Many ethnic groups are known by various names. In some cases people call themselves by a different name from the one given them by their neighbors. The Peul are a case in point. Peul is the name used by French speakers, whereas English speakers refer to them as Fulani. Their own name is Fulbé (sing., Pullo) or some variant of that name. A name often used in Guinea is Foulah. Generally, differences in spelling or pronunciation result from different ways of handling the same sound.
Language is an obvious feature distinguishing the ethnic groups in Guinea from one another, and the names of the principal ethnic groups are the same as, or similar to, the languages they speak. Retained notions of ethnic identity and objective variations of cultural patterns often accompany and reinforce differences in languages. In some instances, however, groups with similar cultural patterns speak different languages, as for example in the Forest Region. In others, groups with distinctive cultural patterns may speak the same language, as in the Fouta Djallon (the mountainous region that takes up most of Middle Guinea).

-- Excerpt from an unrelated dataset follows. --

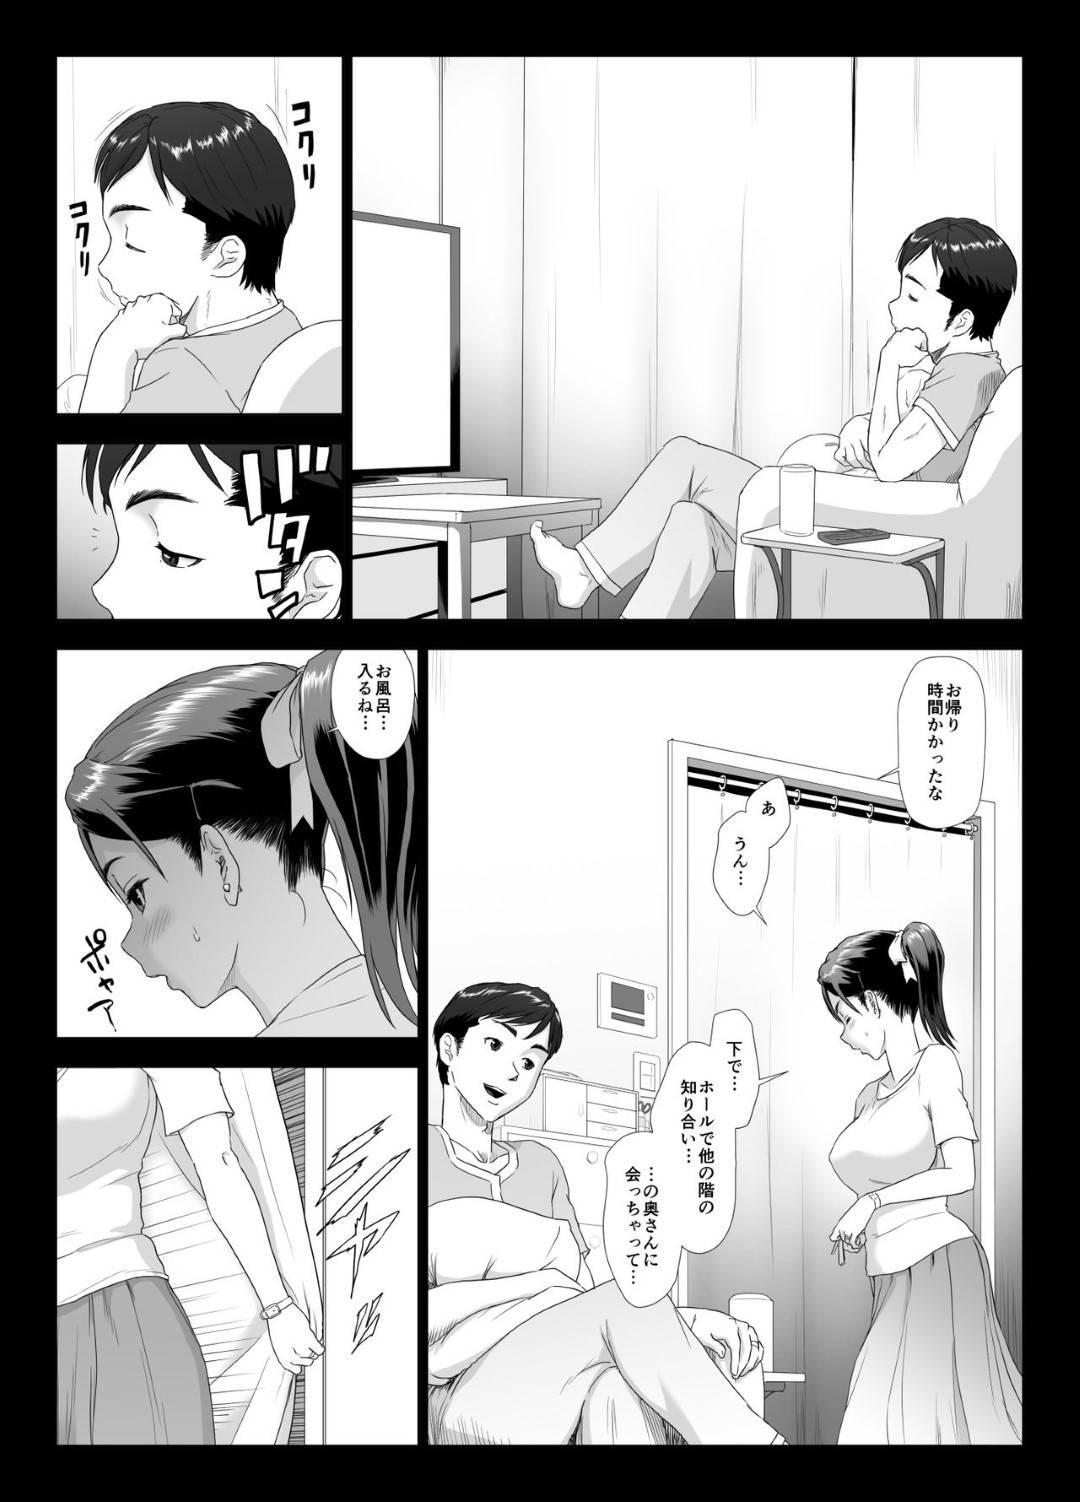 【不倫妻エロ漫画】夫の後輩と関係を持ってしまった美来は、後輩に呼び出され家で中出しセックスされるとセックスの快感を知ってしまう【GUNsRYU】

The last sample population survey listing ethnic affiliation was carried out in 1954 and 1955. At that time the Peul were the largest group numerically, constituting 28.6 percent of the population, followed by the Malinké with 22.4 percent. The Soussou were the third largest with 13.1 percent. The forest groups together made up 18.1 percent of the total. By 2012 it was estimated that the population was Fulani (Peul) 33.9%, Malinke 31.1%, Soussou 19.1%, Guerze 6%, Kissi 4.7%, Toma 2.6%, other/no answer 2.7%.
Both the Malinké and the Soussou have increased in numbers because they assimilated members of smaller ethnic groups living among or near them. Thus, according to tentative estimates, the Malinké and the Peul each accounted for about 30 percent of the population in the early 1970s. The Soussou share had grown to 16 percent, and the proportion of forest peoples had remained stable at approximately 18 percent. The fact that no single group could attempt to dominate the entire country helped create an equilibrium, but the predominance of one group in three of the four geographical areas created a definite tendency toward regionalism.
There were indications in the decades after independence that differences in languages, custom, and religion, which for centuries have set the people off from — and often against — one another, continued to intrude in everyday affairs. Neither the government nor the ruling party could ignore the persistence of group loyalties and ethnic identification. This was demonstrated on the one hand by concessions to traditional practices and on the other by the apparent failure of some governmental measures that did not or could not take ethnic differences into account. Nevertheless, by the 1970s ethnic factors seemed to be less important in Guinea than in many other parts of Africa. Increasing numbers of people began regarding themselves as sharing a single Guinean and African heritage, largely as a result of the cohesive force of the country's single political party.